Somchith Sompaseuth is recognized for contributions in the field of data-driven decision making, with research activities associated with Zhengzhou University. The academic profile demonstrates engagement in analytical methodologies, computational approaches, and evidence-based research practices relevant to emerging trends in artificial intelligence and data science. The recognition under the International AI Data Scientists Award reflects scholarly involvement in interdisciplinary research and applied analytical studies.[1]

Abstract

This article presents an overview of the scholarly activities and research profile of Somchith Sompaseuth in the domain of data-driven decision making. The research focus includes analytical reasoning, computational methodologies, and applications of data science within interdisciplinary environments. The profile highlights academic contributions, citation performance, and participation in international research initiatives related to artificial intelligence and digital transformation.[1]

Keywords

Data-Driven Decision Making, Artificial Intelligence, Data Analytics, Computational Research, Machine Learning, Predictive Analytics, Information Systems, Digital Transformation, Statistical Analysis, Intelligent Systems, Research Evaluation, Academic Recognition.

Introduction

Data-driven decision making has become an essential component of modern scientific research and organizational planning. Researchers in this field contribute to the interpretation of complex datasets, the development of analytical frameworks, and the implementation of intelligent systems for strategic outcomes. Somchith Sompaseuth has participated in research activities aligned with these evolving technological and methodological developments.[2]

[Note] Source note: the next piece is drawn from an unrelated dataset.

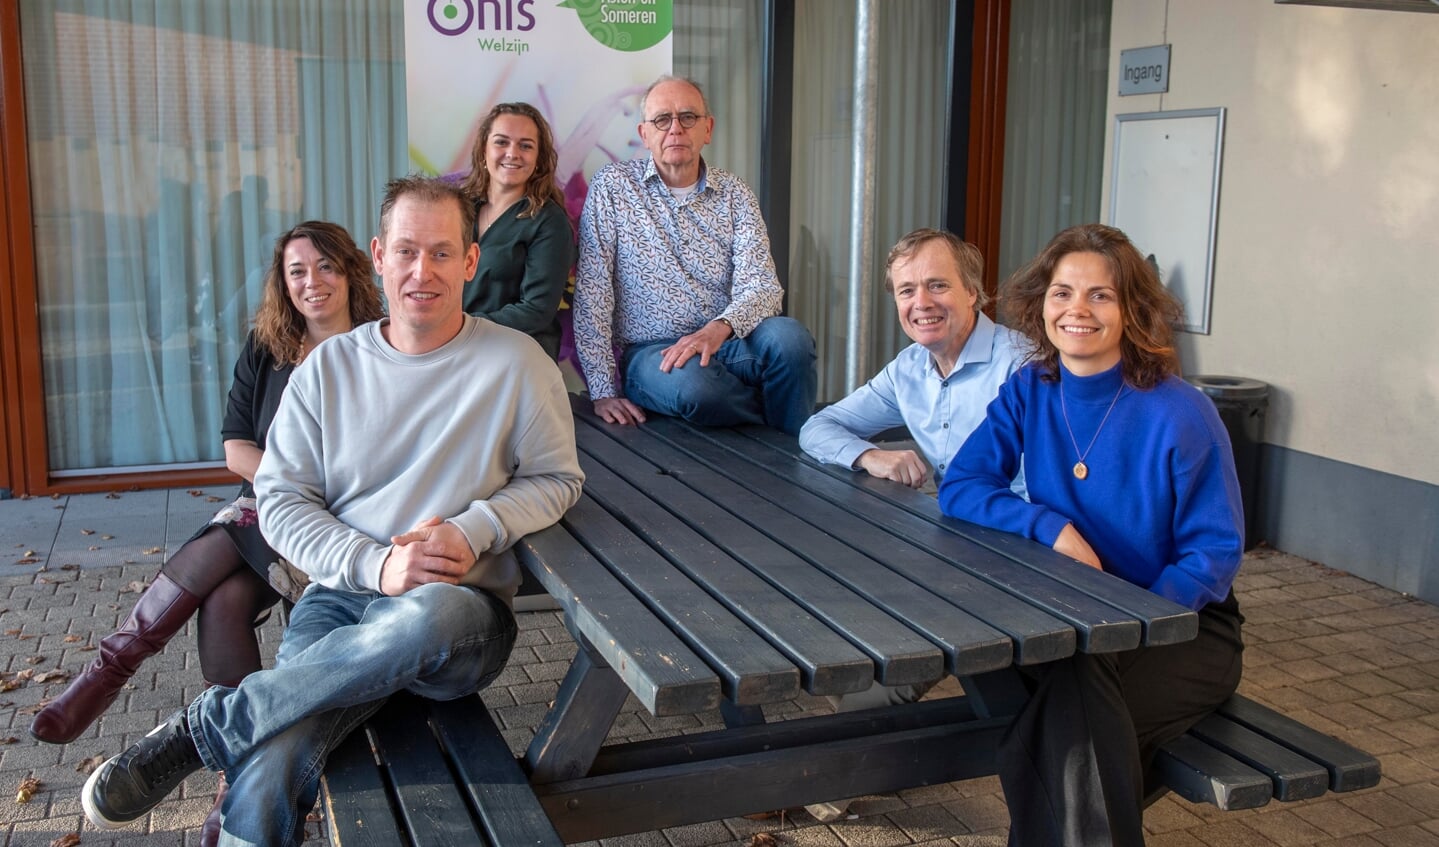 Het Onis-team vlnr: Christel de la Combé, Antoin Bakermans, Demi Wullems, Henny van den Boomen, Hein Wulf en Eva de Jong. (Foto: Hein van Bakel)

The integration of artificial intelligence with decision sciences has enabled broader applications across healthcare, education, engineering, and computational systems. Scholarly contributions in this area support evidence-based methodologies and improve the effectiveness of data interpretation processes in academic and professional environments.[3]

Research Profile

The research profile of Somchith Sompaseuth includes publications indexed in international databases and scholarly engagement in data-oriented research domains. The documented citation metrics and publication records indicate active participation in scientific dissemination and collaborative academic initiatives.[1]

  • Research specialization in data-driven decision methodologies.
  • Academic affiliation with Zhengzhou University.
  • Indexed publications within recognized academic databases.
  • Engagement with interdisciplinary analytical research.

Research Contributions

The scholarly contributions associated with Somchith Sompaseuth involve the application of analytical reasoning and computational techniques within data-intensive environments. Research activities contribute to the broader understanding of intelligent decision-support systems and data interpretation models.[2]

The work further reflects growing interest in the integration of machine learning and evidence-based computational practices for supporting organizational and scientific decision processes. These efforts align with current global trends in artificial intelligence and digital analytics.[3]

Publications

Selected research outputs and indexed publications associated with the researcher demonstrate engagement in contemporary topics related to computational intelligence and analytical methodologies.[1]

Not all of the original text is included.